Farm to table, check. Good service, check. Ambience, check. But what you’ll long remember is the way the food is plated. Their Insta-worthy dishes confirm the hunch: These folks are passionate about all things food. The menu changes frequently, so I hate to tease you with my delish dinner, but I will: a baked chicken, grilled just at the end to crisp the skin, served with roasted carrots and fennel in a cider jus.

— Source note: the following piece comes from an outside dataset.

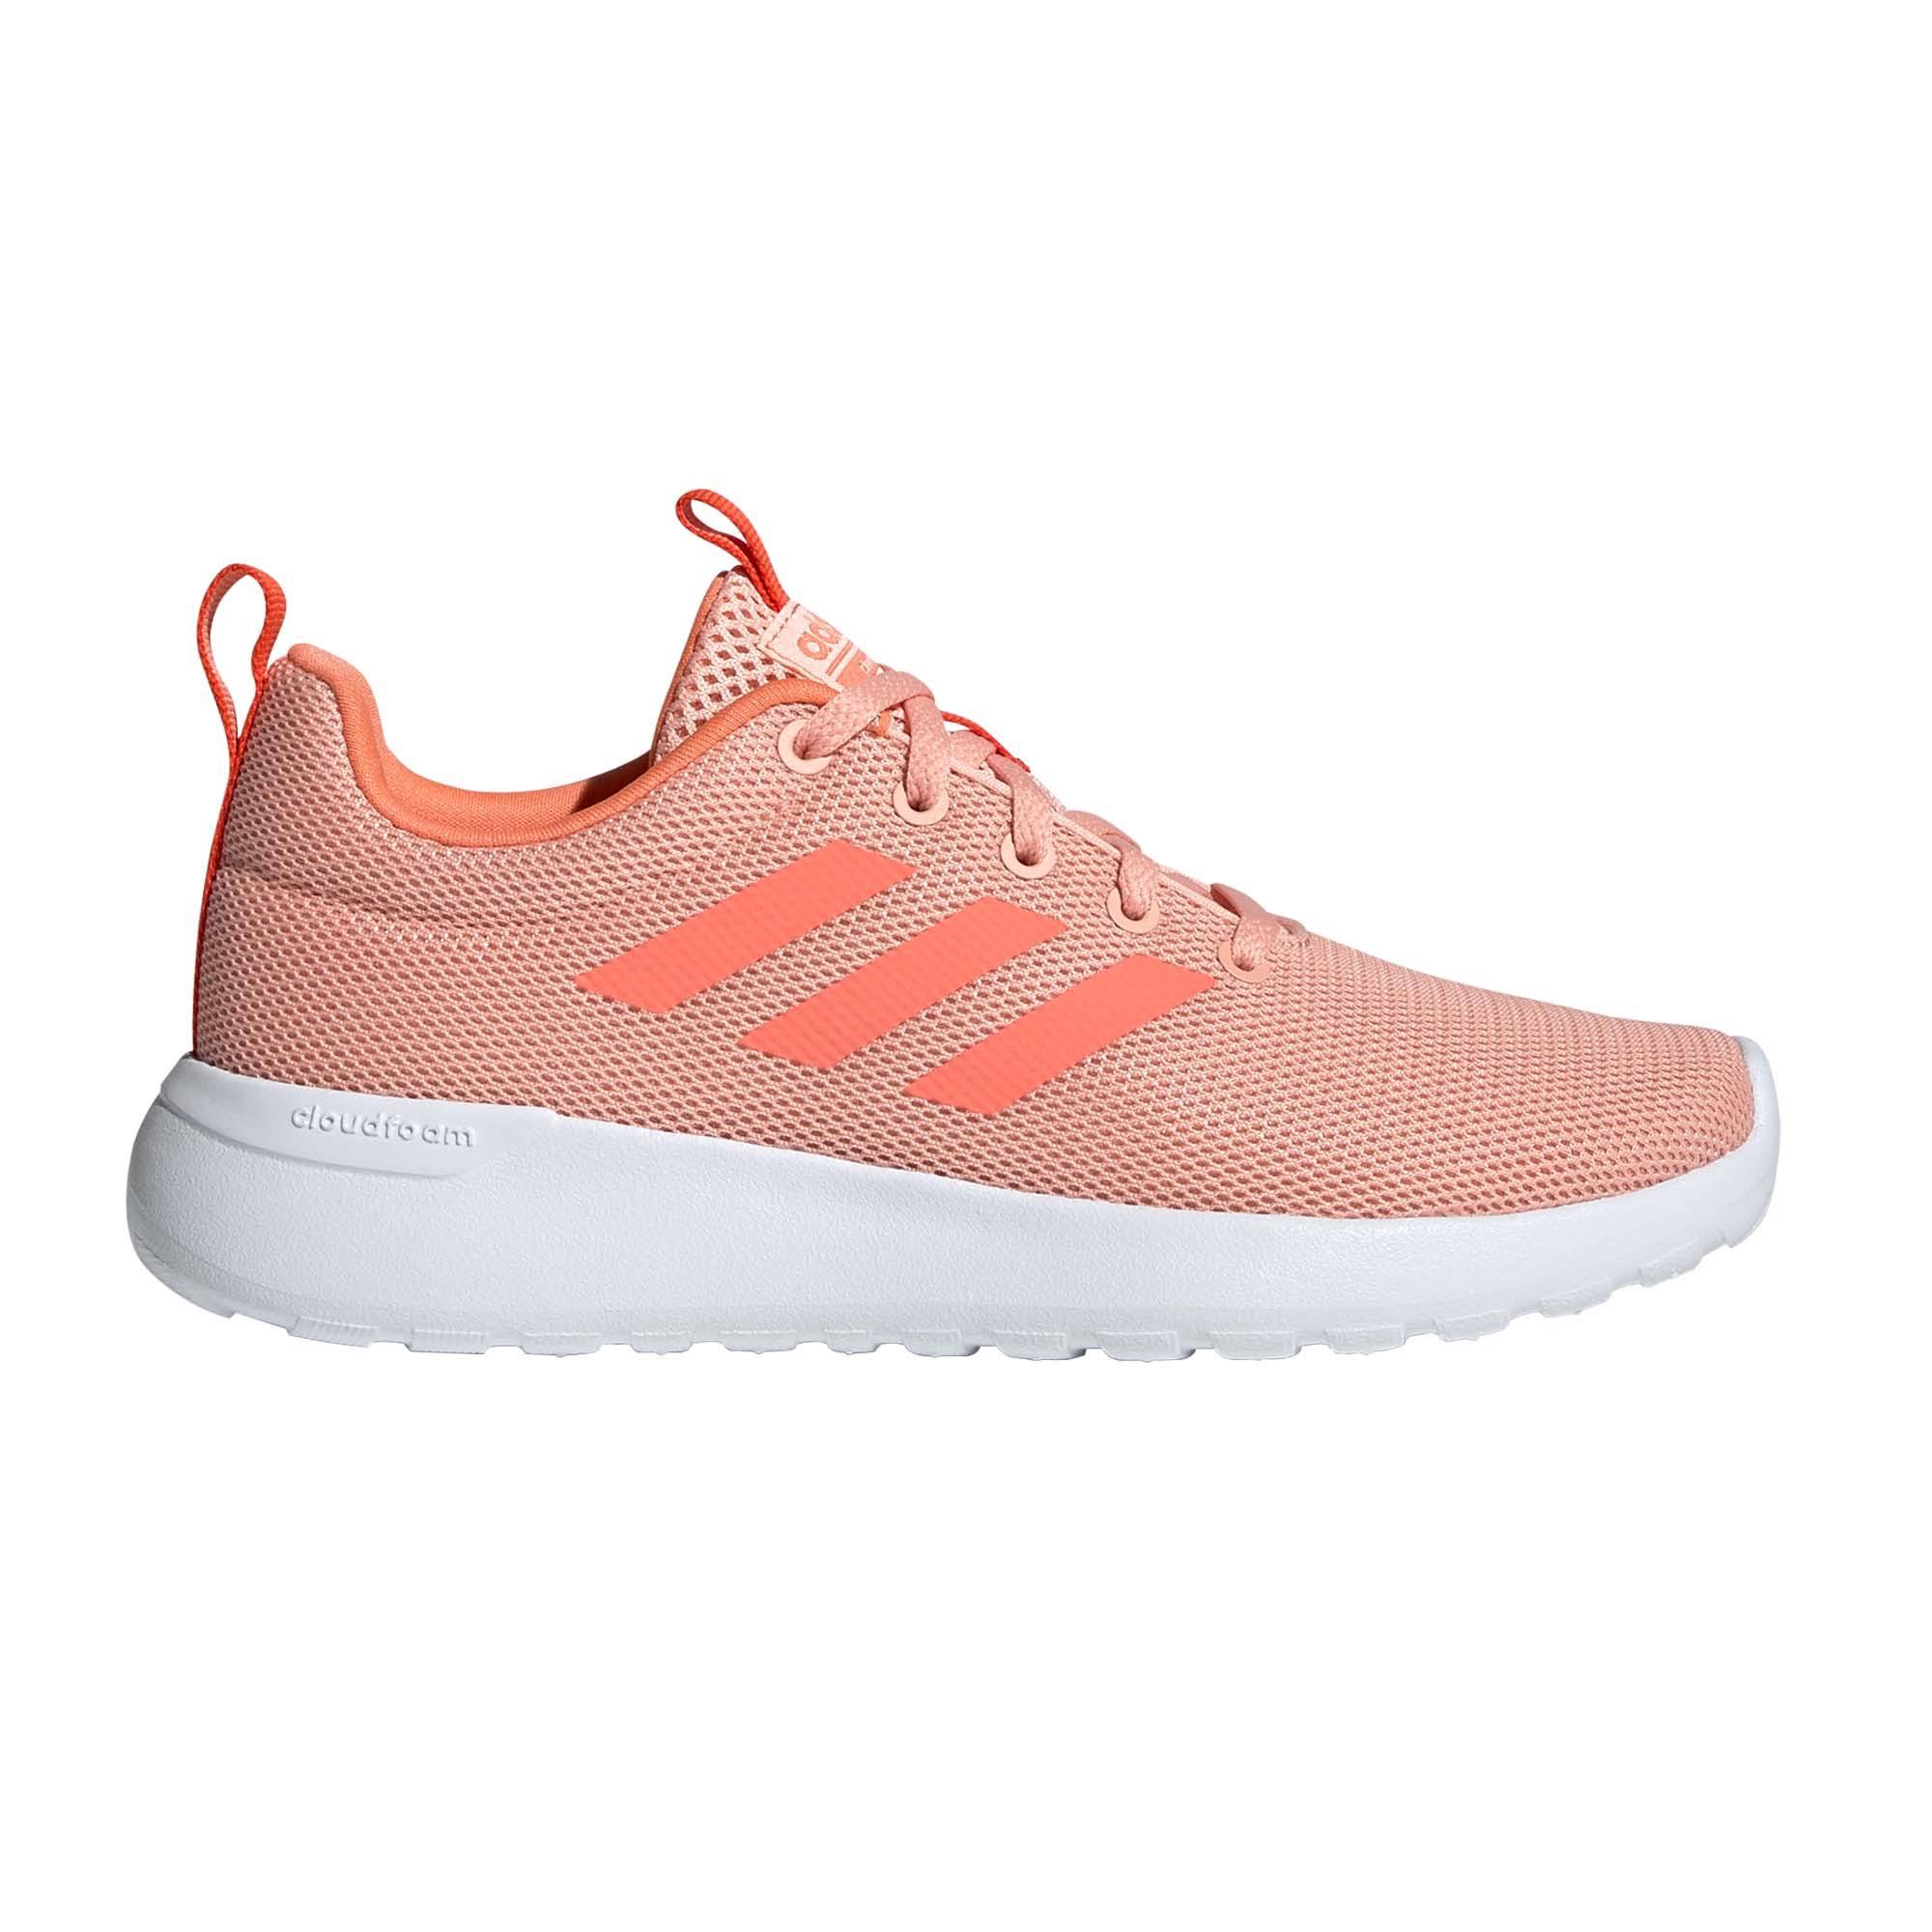 Adidas Lite Racer CLN Girls Trainer Pink - UK 11

Dessert: French Broad Chocolate Lounge
Sustainability doesn’t end with supper, as this bonbon bistro can attest. Bean-to-bar offerings and everything in between — cakes, cookies, drinks — are created locally by a husband-and-wife duo, who are as committed to chocolate as they are sweet endings.
Where to spa
No time for a full spa? Then nip into Wake Foot Sanctuary. They have the coolest concept: While you’re getting comfy on one of the many plush couches, they’re preparing a large copper tub with warm water and essential oils. You can simply soak in that for a few minutes or add on a quick massage. I opted for a head, neck and shoulder kneading before getting on my way. It was the perfect respite — short and sweet.
Where to stop
If you like tours, you’ve come to the right place. Asheville is keen to make its many offerings accessible to visitors. You can tour the famous Biltmore House, tour the Asheville Cheese Trail or, my favourite, take a foraging tour with No Taste Like Home. If you’re short on time, opt for Wild Food Stroll on the grounds of The Omni Grove Park Inn, which is 90 minutes long and culminates with your finds being turned into an appetizer by the chefs at the historic Grove Park Inn. Believe me, henceforth you’ll have an entirely new perspective on the weeds you regularly curse in your garden.